Two essays about death

Dudley Cledenin, former national correspondent for the NY Times, writes about his impending death due to ALS (Lou Gehrig’s Disease) and his desire to die well.

In the Guardian, Sabine Durrant writes about Nell Dunn’s play Home Death, which was written after the death of Dunn’s partner Dan Oestreicher, who wanted to die in dignity at home. However:

Oestreicher was visited by five national health professionals – four district nurses, one doctor – in his last 24 hours, but none of them seemed trained to deal with a home death. When Nell woke in the early hours, she realised Dan was dying. His lungs were bubbling; he was panicking – he felt he was drowning – and in pain. She couldn’t ring for an ambulance because they would take him to hospital and he didn’t want that. She had four phone numbers, including one for a hospice, but when she rang she was told to ring back after 8.30am; when she called again it went straight to answerphone. Her doctor’s surgery was closed. There was no morphine. A district nurse came, gabbled into her mobile phone inches away from Dan’s ear, a doctor, another nurse. No one knew where to find an open chemist. “I know it was a Sunday, but people die on a Sunday for God’s sake.” There was irritation from the doctor who visited, tactlessness: “I’m being paid well for this.” Finally, late morning, everyone dispersed and Nell and Dan were left alone.
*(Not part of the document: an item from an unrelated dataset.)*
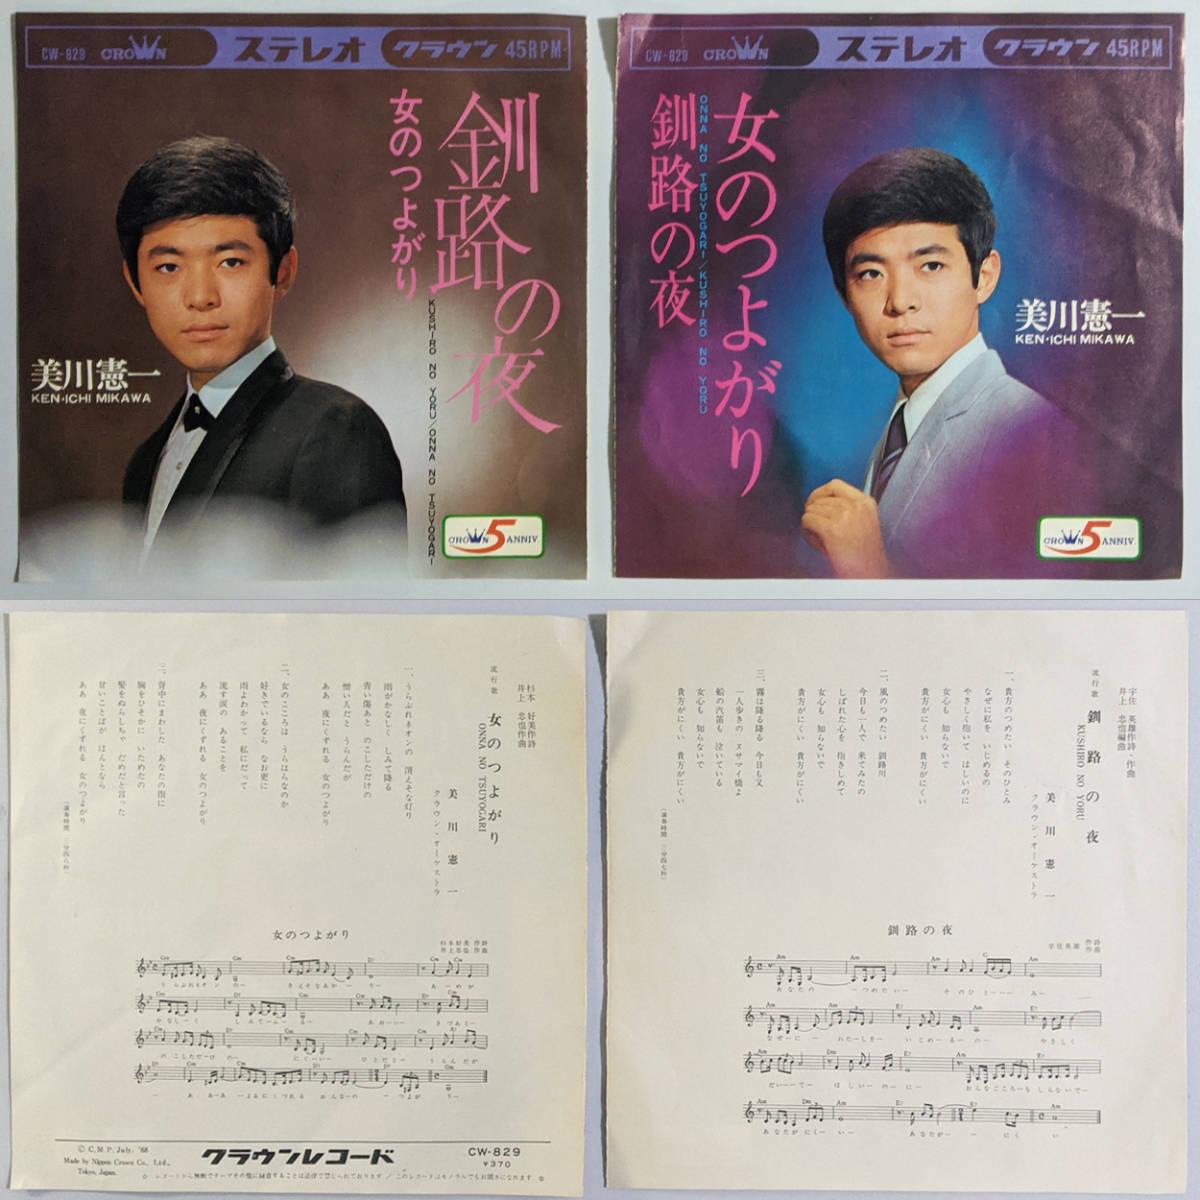 ★EP|7インチ|レコード|シングル|流行歌|美川憲一|まぼろしのブルース/紅い吸い殻|釧路の夜/女のつよがり|2枚セット_画像7

She lay next to him on their bed. He came in and out of consciousness and at 1.30pm, their dog Primrose beside him, he died.
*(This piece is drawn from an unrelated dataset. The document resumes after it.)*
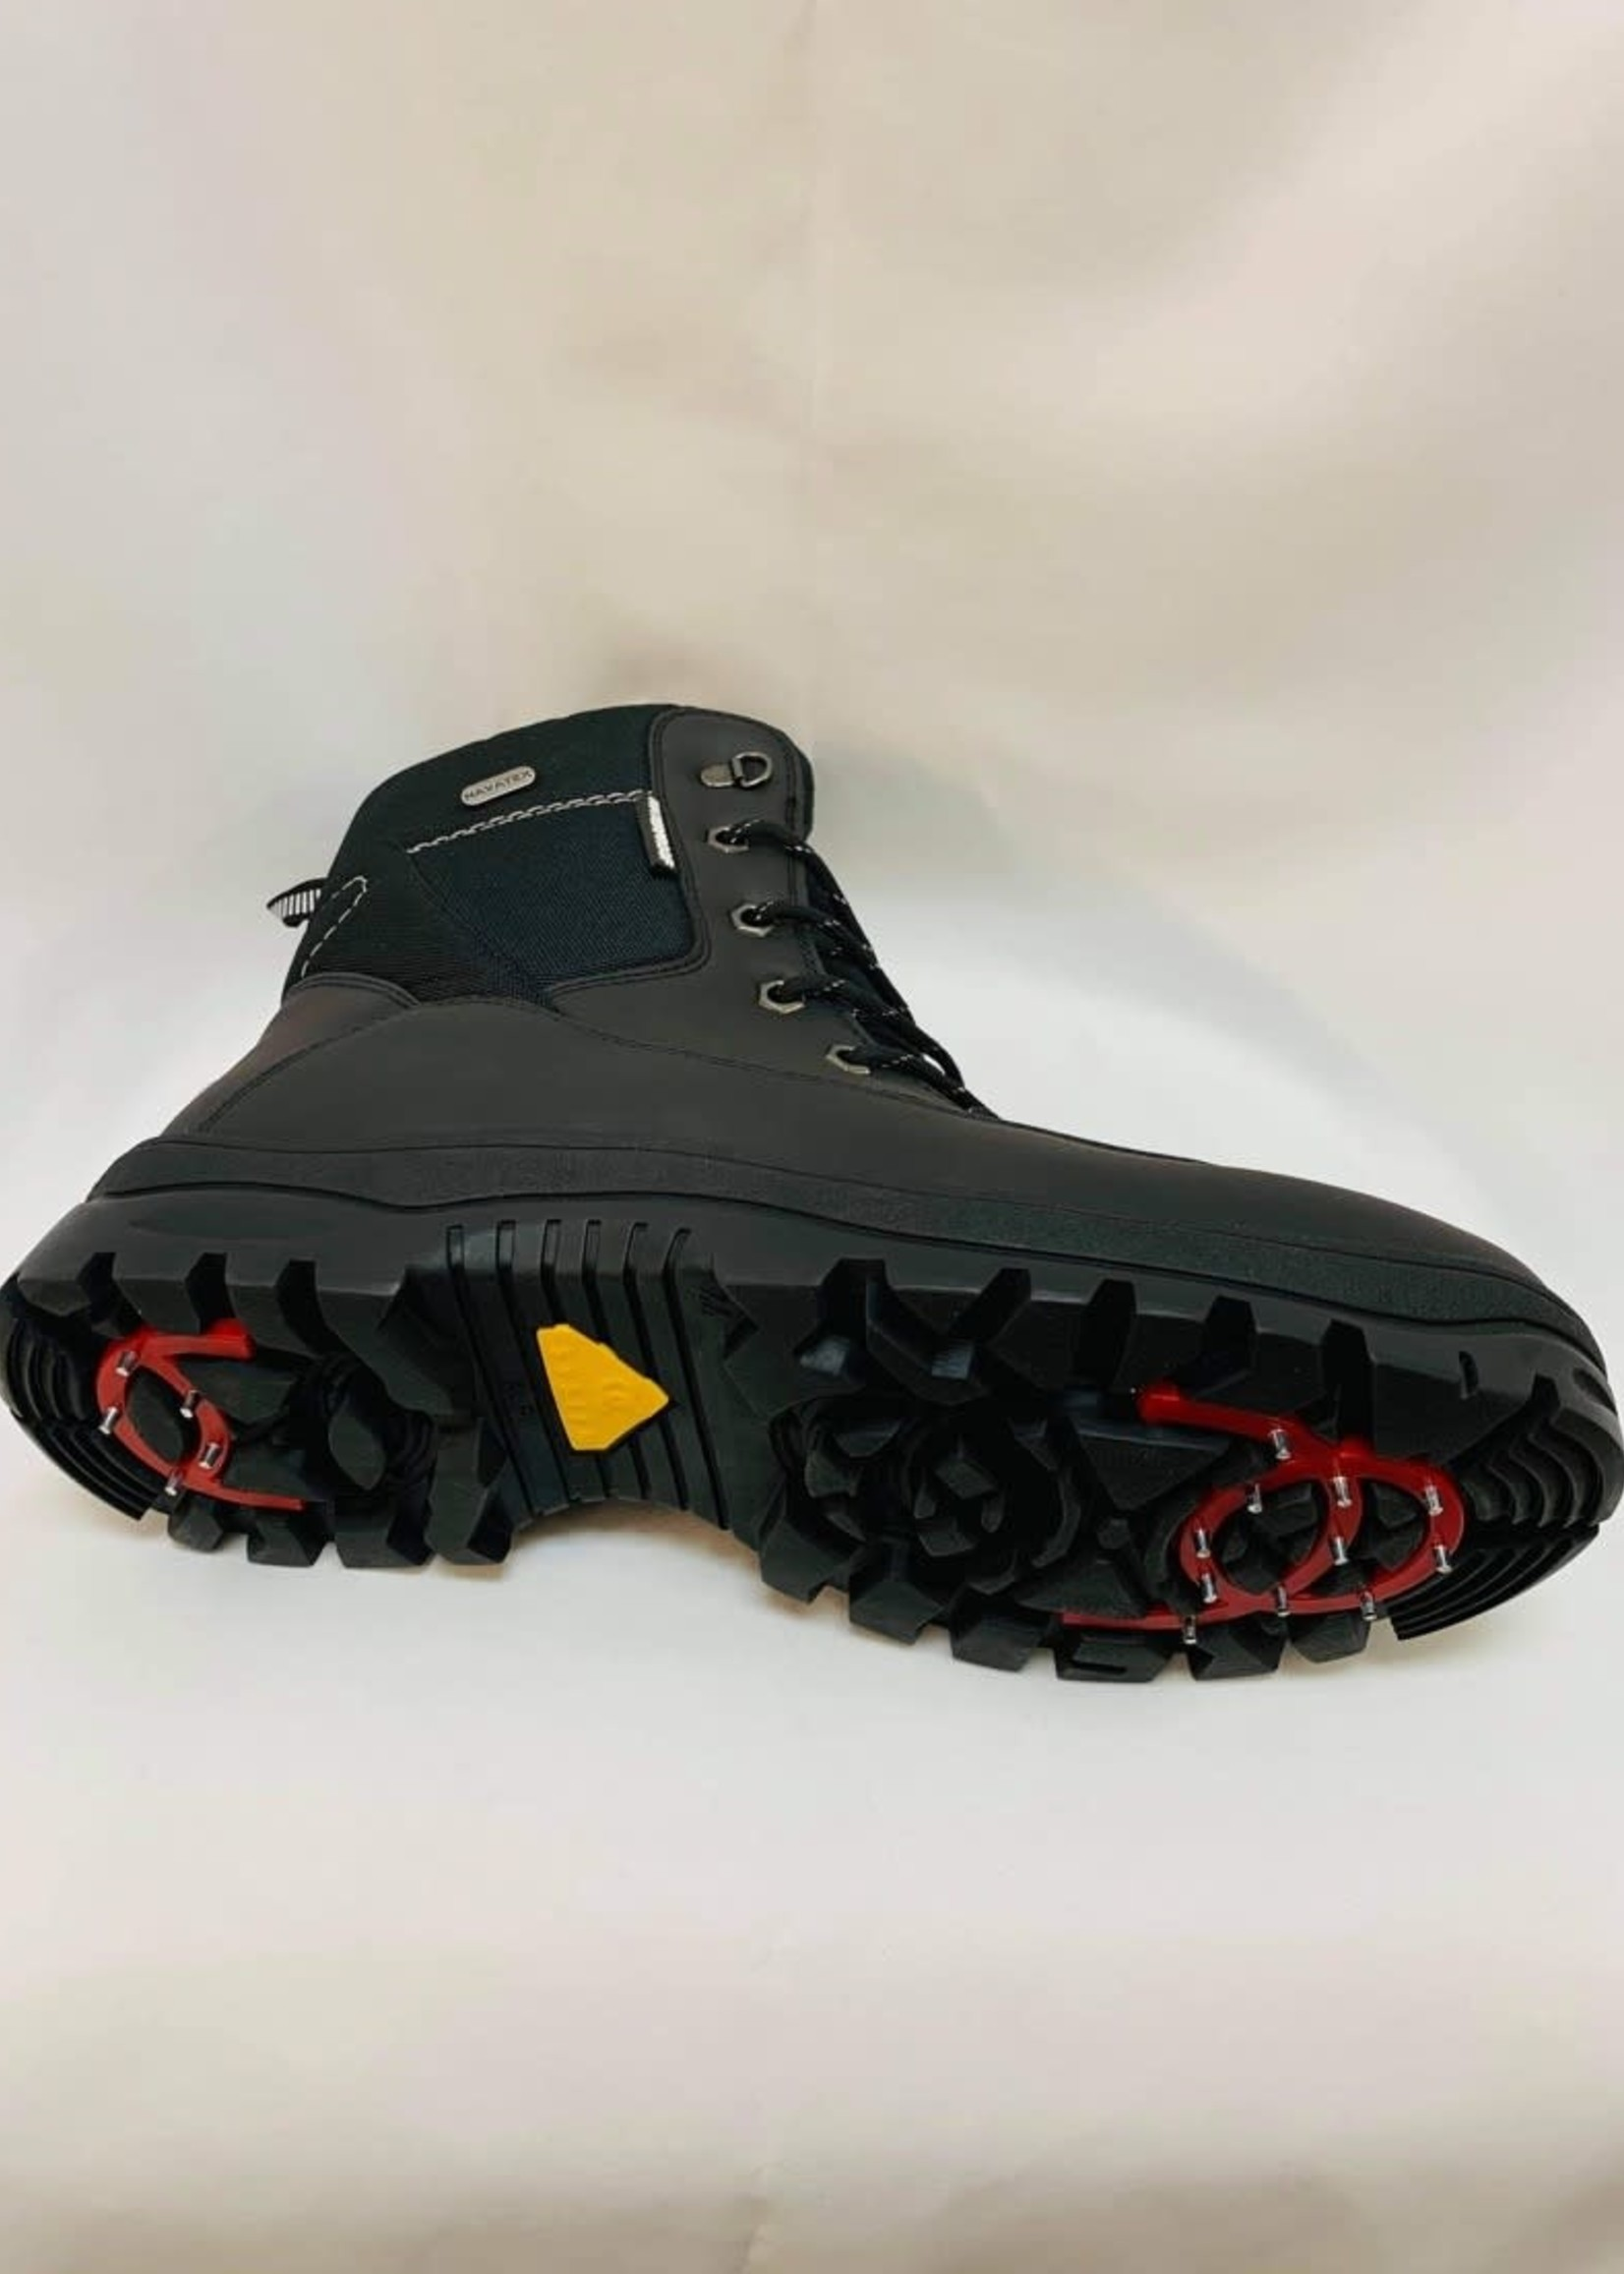 Navatex Mens Boots

The nurse returned with the morphine at 4pm. She had been gone for five hours. Was she embarrassed? “I don’t know. I didn’t let her in.”
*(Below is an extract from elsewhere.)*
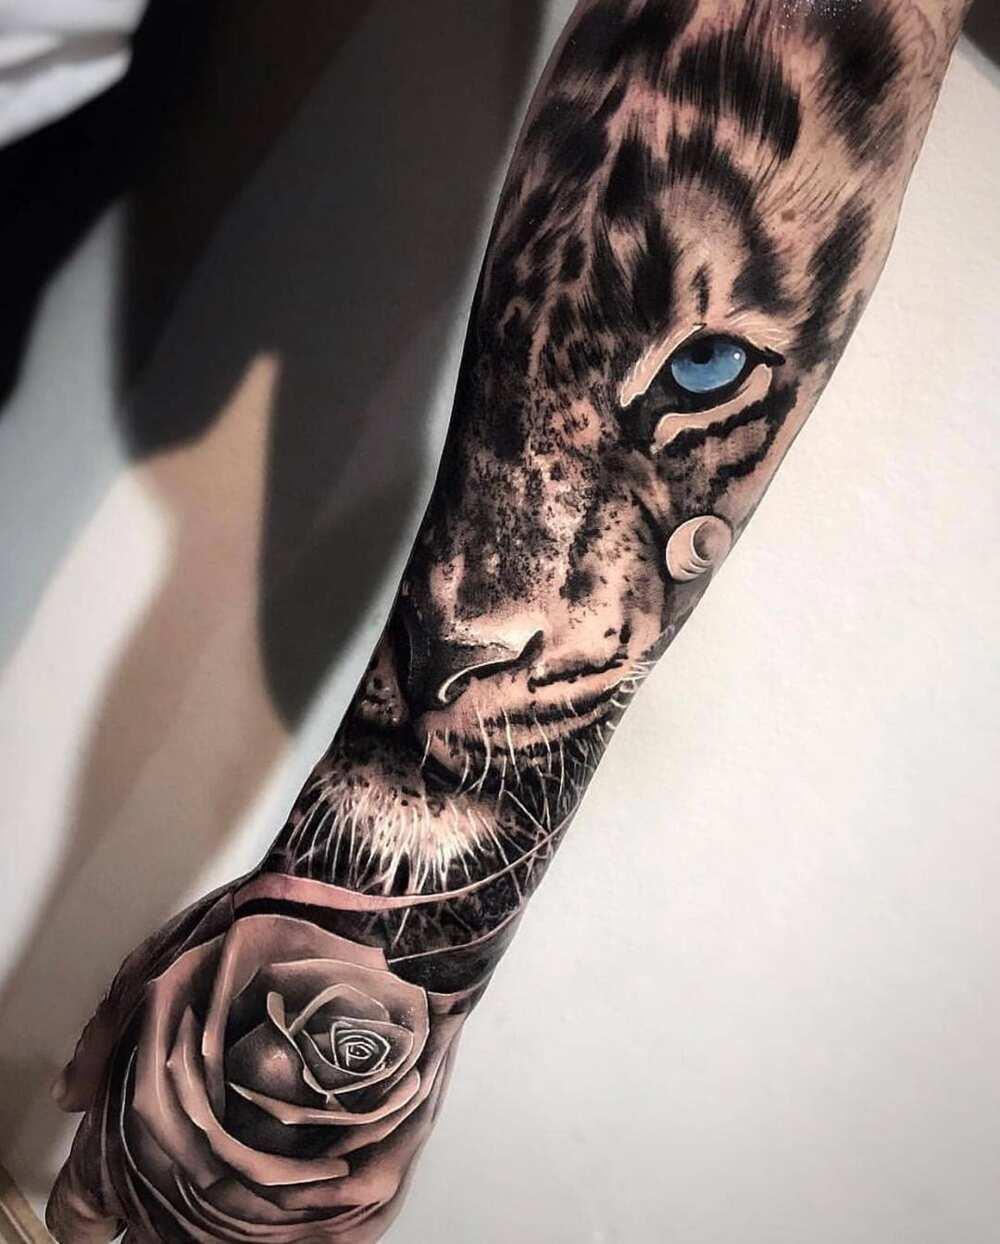 tattoos on arm

Dying well–the notion reminds me of the ars moriendi  of the medieval period, a genre of devotional literature that encouraged Christians to prepare for death, making a proper final confession, so they could be certain of a successful passage into purgatory. But there’s something else here, too–the desire to have control over how one ends one’s life. That’s certainly the case in Clendenin’s piece. It also seems to be some of the motive behind the assisted suicide movement. Those who are opposed to such things often criticize people like Clendenin for aspiring to self-sufficiency. He points out how he ministered at the end of life to his mother and other relatives, and that he wishes to spare his beloved daughter that experience. But has he asked her?

I don’t have answers to the questions raised by these essays, to the question of assisted suicide, or even to the question of human dignity, whether it be in the sickbed or at end of life. Posing the questions is hard enough.